Records drawn from a dataset
::::

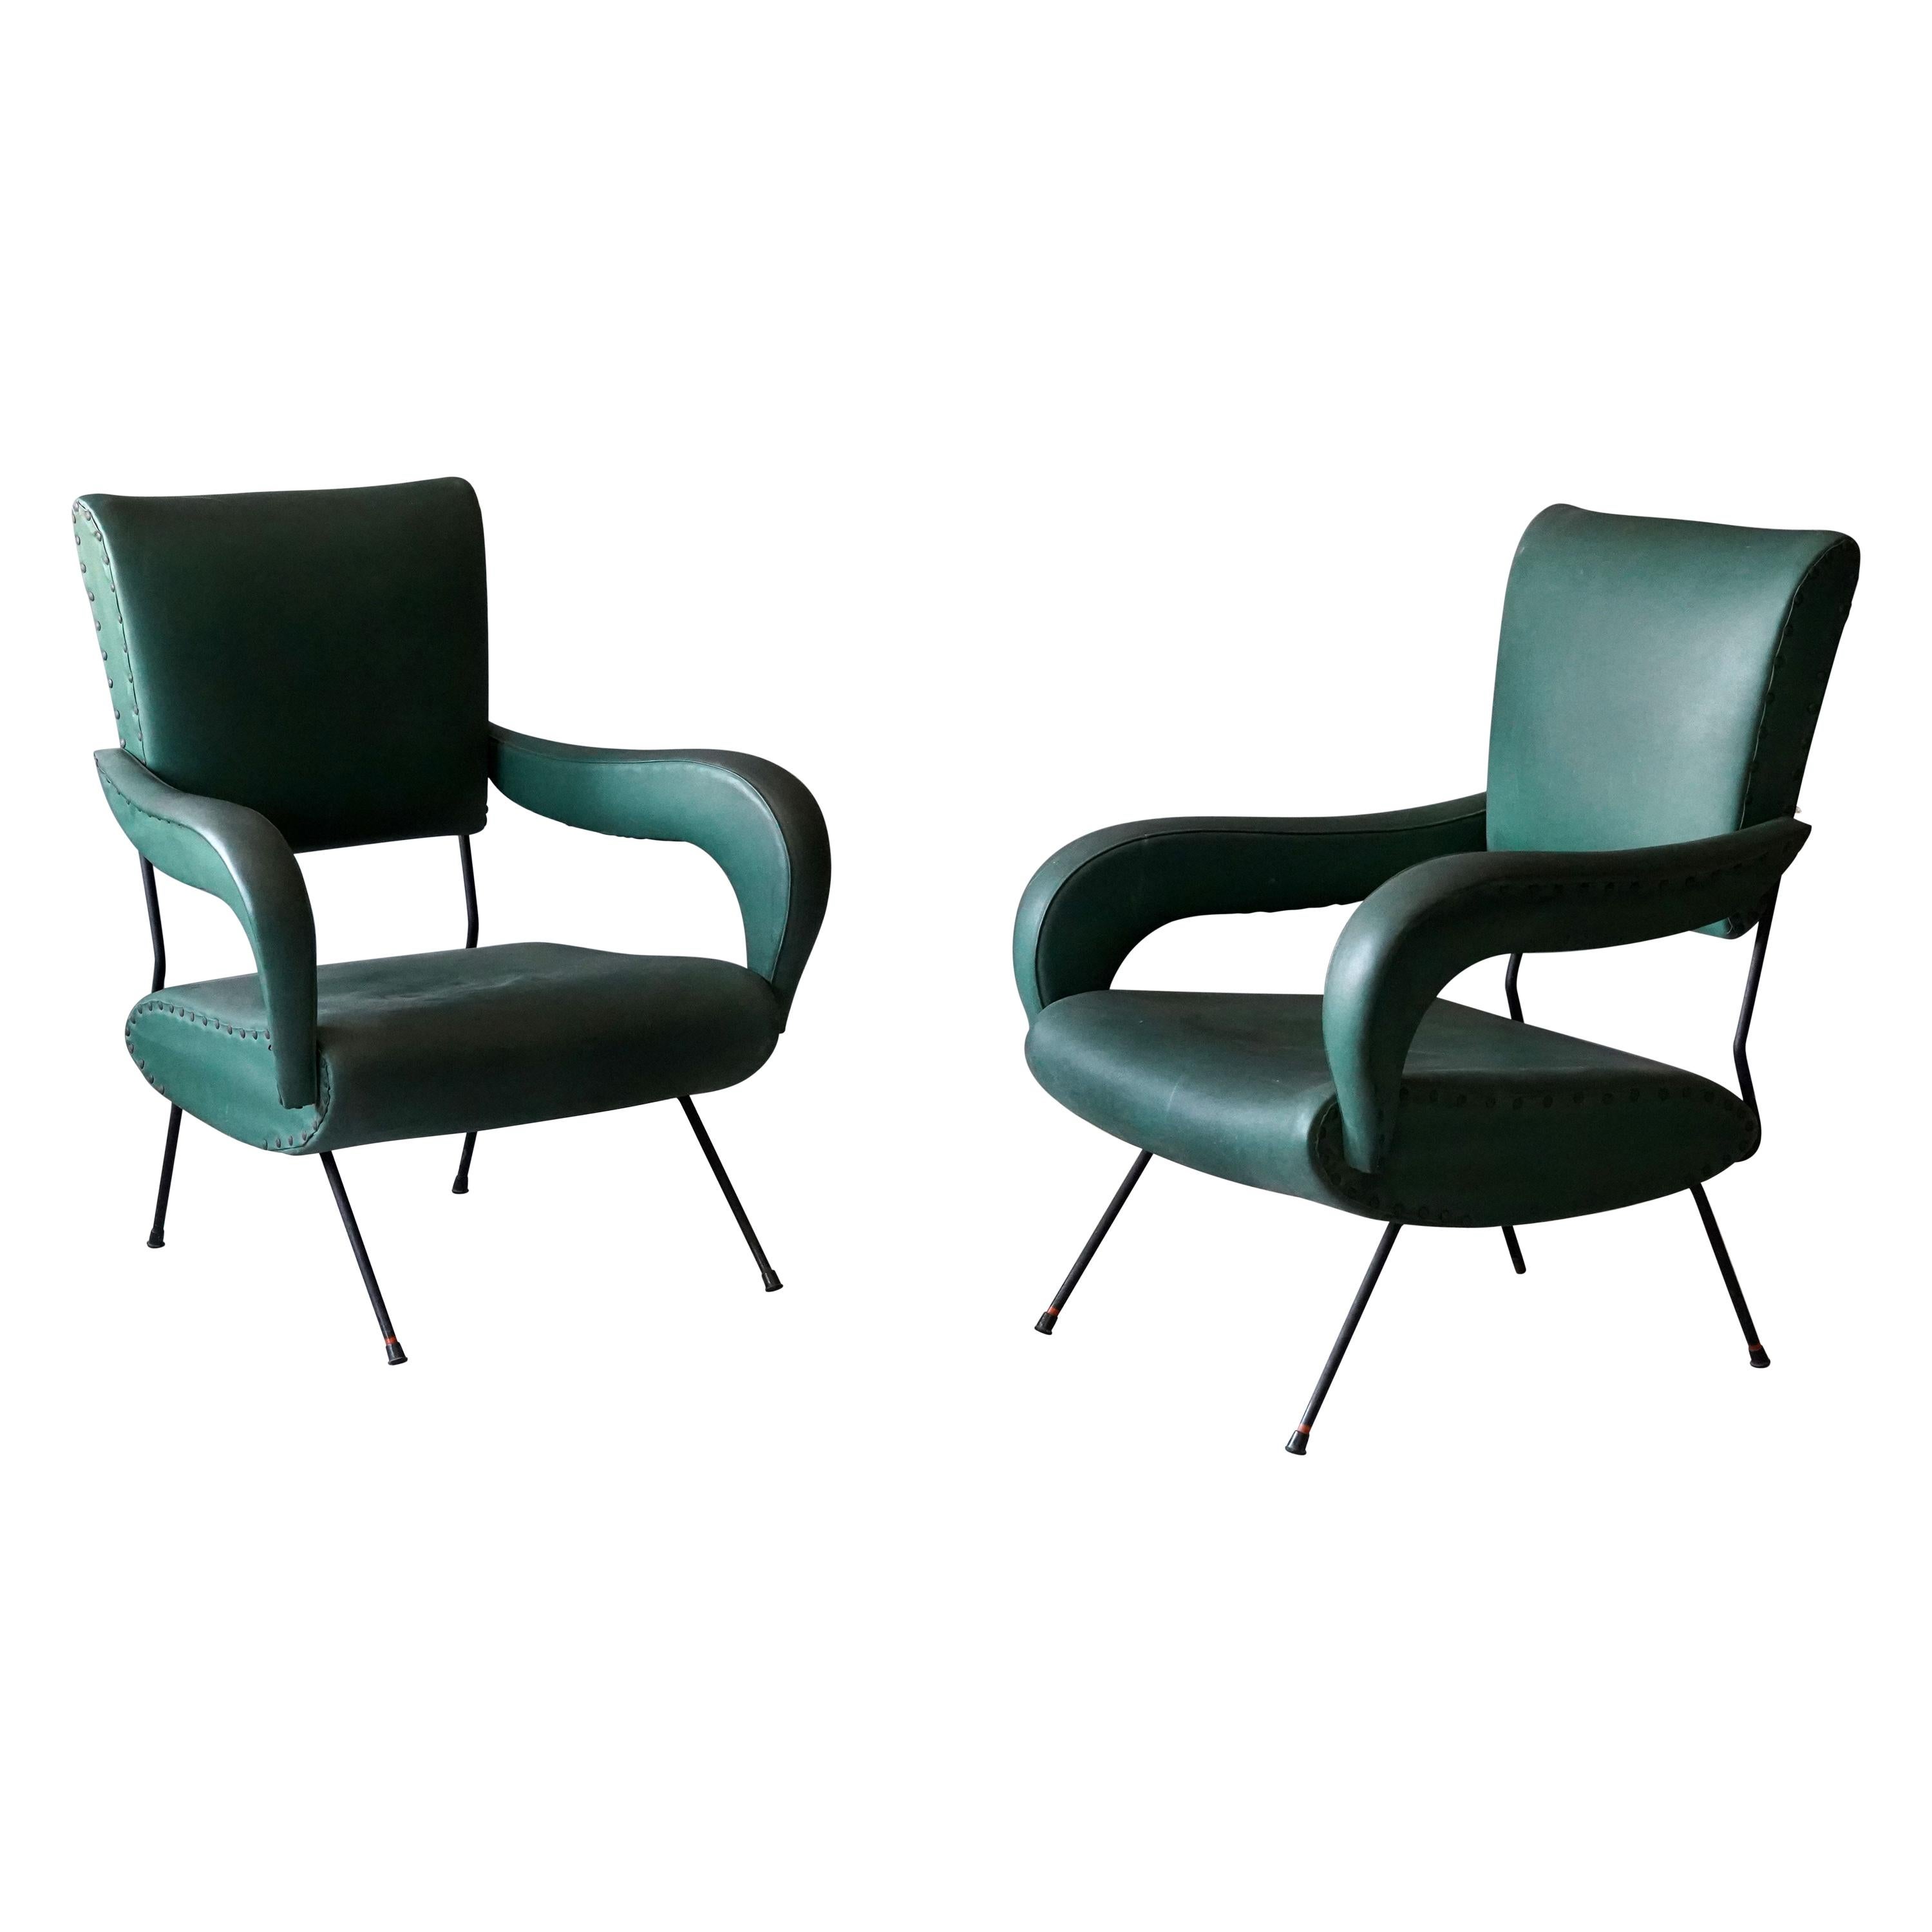 Italian Designer, Lounge Chairs, Lacquered Metal, Green-Dyed Vinyl, Italy, 1950s For Sale
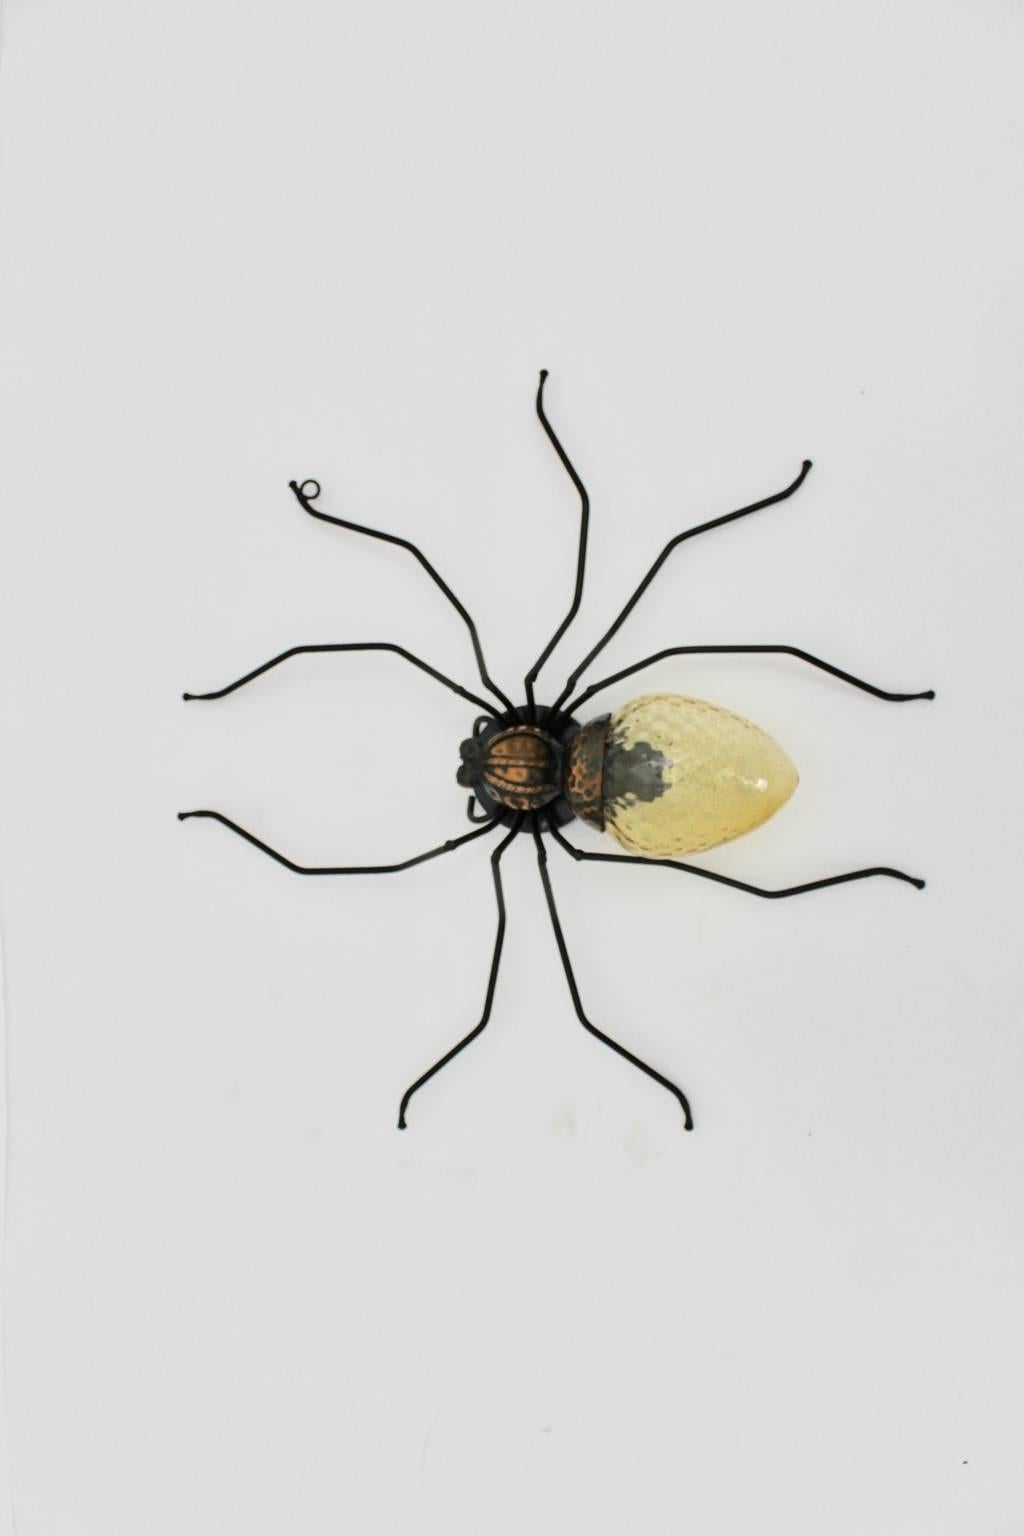 Large sized mid century modern handmade wall lamp shaped like a spider. The legs were made of metal wire, while the glass shade was made of yellow grooved glass with a E 14 socket.

The condition is very good - carefully cleaned.
Measures:
Width 60

::::

#### [What you should do]
Exclude all pictures and return precisely the lines from the one containing "Large sized mid" through the closing line of the data.

#### [Answer to this task]
 Large sized mid century modern handmade wall lamp shaped like a spider. The legs were made of metal wire, while the glass shade was made of yellow grooved glass with a E 14 socket.

The condition is very good - carefully cleaned.
Measures:
Width 60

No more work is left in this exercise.